The ApsVersion field in PersistentStateLineOfService identifies the APS version the profile conforms to (for example, "1.0"). Future versions of APS MAY add new OPTIONAL fields. Profiles that set ApsVersion to "1.x" MUST remain backward compatible for all fields defined in version 1.0, and consumers MUST ignore unknown fields rather than treating them as errors.

APS-compliant resources are expected to host sensitive agent state, including user-identifiable data and behavior-derived embeddings. Implementations SHOULD support encryption at rest, strong identity scoping in the control plane, and cryptographic erasure according to policy.

Enterprises may need to demonstrate that agent memory for a specific user was deleted in accordance with regulation (for example, GDPR). APS provides explicit deletion semantics, an erasure scope, and a latency bound to support such compliance, but implementation details and audits remain the responsibility of the operator and any higher-level governance systems.

This document does not define a conformance test suite or reference implementation. Future work MAY include tests for APS-aware CSI drivers, managed vector databases, and storage arrays. APS does not provide guidance on how agents should degrade gracefully when APS-compliant storage is unavailable. Agent frameworks are responsible for fallback behavior (for example, operating in a stateless mode). APS does not model cost trade-offs explicitly. Operators are expected to balance erase latency, replication scope, erasure scope, and storage-class cost. APS does not attempt to model differential privacy, federated learning, or higher-level alignment techniques. Those may rely on APS semantics but are outside the scope of this profile. A normative JSON Schema for PersistentStateLineOfService is intended for a future revision to enable automated validation and tooling.

This document requests that IANA create an "APS UsageClass and Profile Registry" containing the following initial values: AgentPersistentState SmallRandom MixedRandom MetadataHeavy VectorIndex Volume FilesystemTree ObjectPrefix ApplicationKey No additional IANA actions are required by this document.
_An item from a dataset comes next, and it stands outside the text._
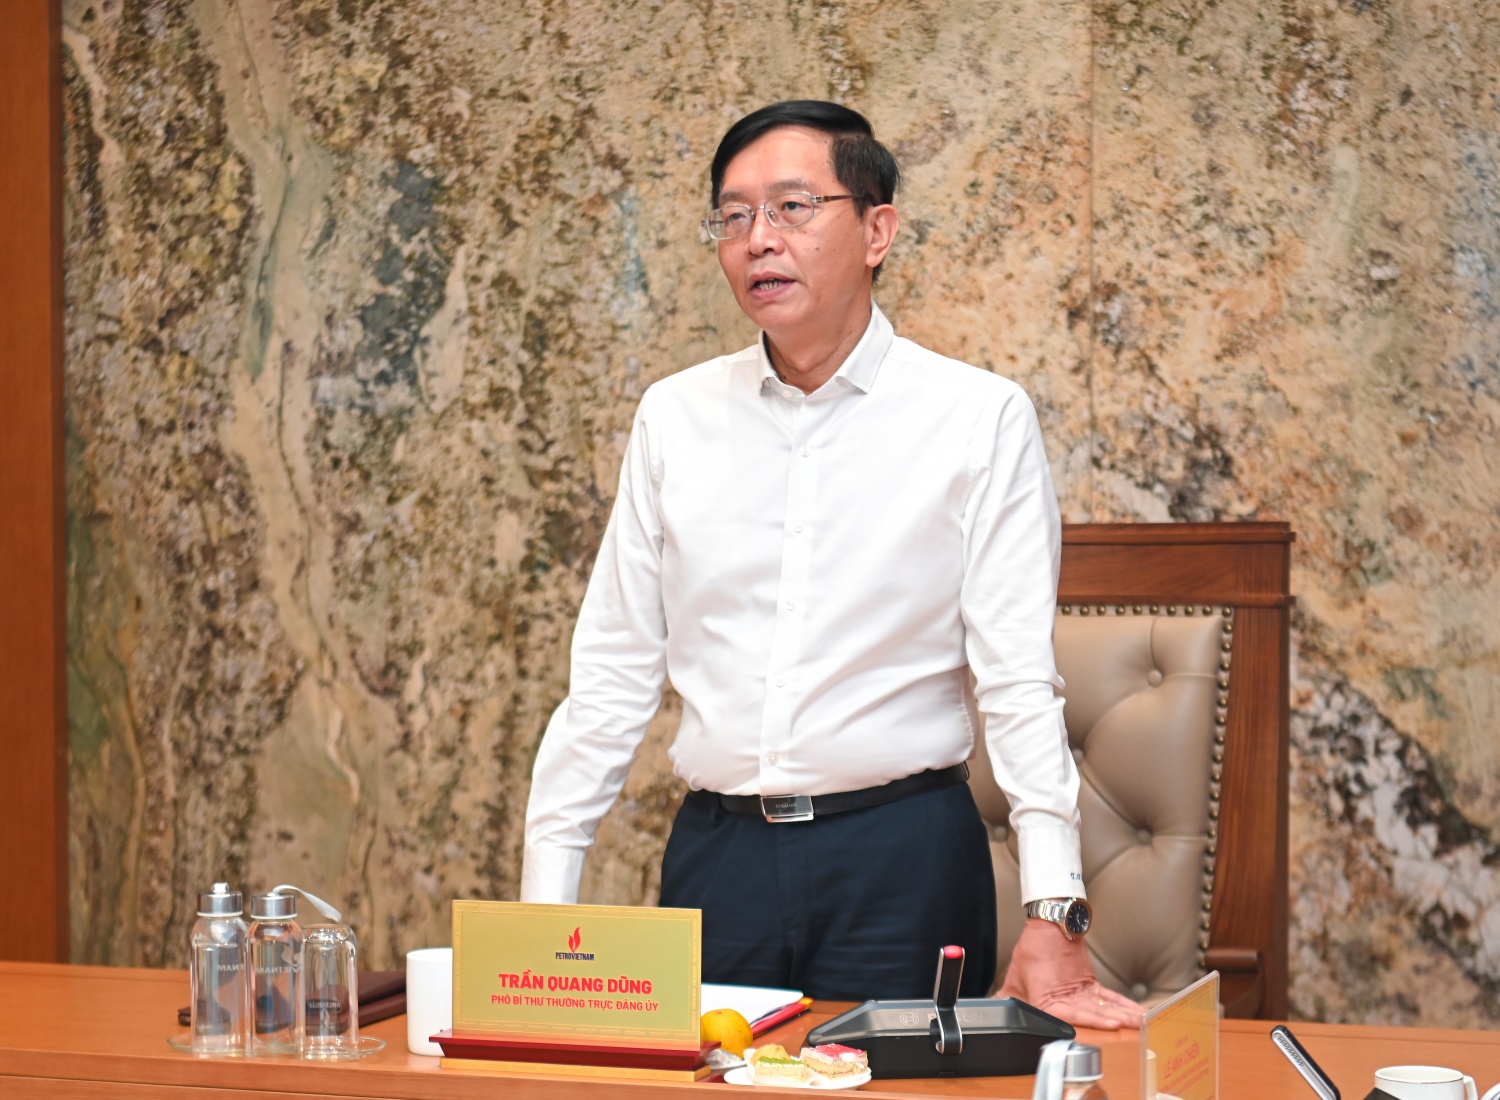 Đồng chí Trần Quang Dũng, Phó Bí thư thường trực Đảng ủy Tập đoàn phát biểu khai mạc Hội nghị

Key words for use in RFCs to Indicate Requirement Levels Harvard University Ambiguity of Uppercase vs Lowercase in RFC 2119 Key Words Huawei Technologies Swordfish Storage Management Specification SNIA Redfish Scalable Platforms Management API DMTF Container Storage Interface (CSI) Kubernetes Community

This appendix provides three example PersistentStateLineOfService instances. These are illustrative and non-normative. They are intended to show how capacity, performance, durability, and privacy settings can be combined for common agent scenarios.

APS-Standard is intended for general agent checkpointing and short- to medium-term memory. It favors small random I/O, moderate capacity, and relatively tight tail latency so that frequent state saves do not break conversational responsiveness. The 8 KiB recommended I/O size and 3000 IOPS target are representative of a busy checkpointing workload where many agents periodically flush small state blobs or logs.

APS-Vector is intended for embedding-heavy and index-heavy agent workloads. It assumes larger capacity, higher IOPS, and a RecommendedIOSizeKiB of 32 KiB to reflect typical vector segment sizes during scan-oriented operations. It disables advisory locking hints because many vector index implementations use append-only or copy-on-write designs and do not rely on traditional filesystem locking semantics for concurrency control. The VectorPhase field is set to indicate that this profile is tuned primarily for read-heavy query traffic.

APS-Light illustrates deployments that rely on application-managed keys or do not require strict retention or erase guarantees. Suitable for experimentation, low-risk workloads, or sidecar-based encryption designs where the storage layer itself does not enforce cryptographic erase.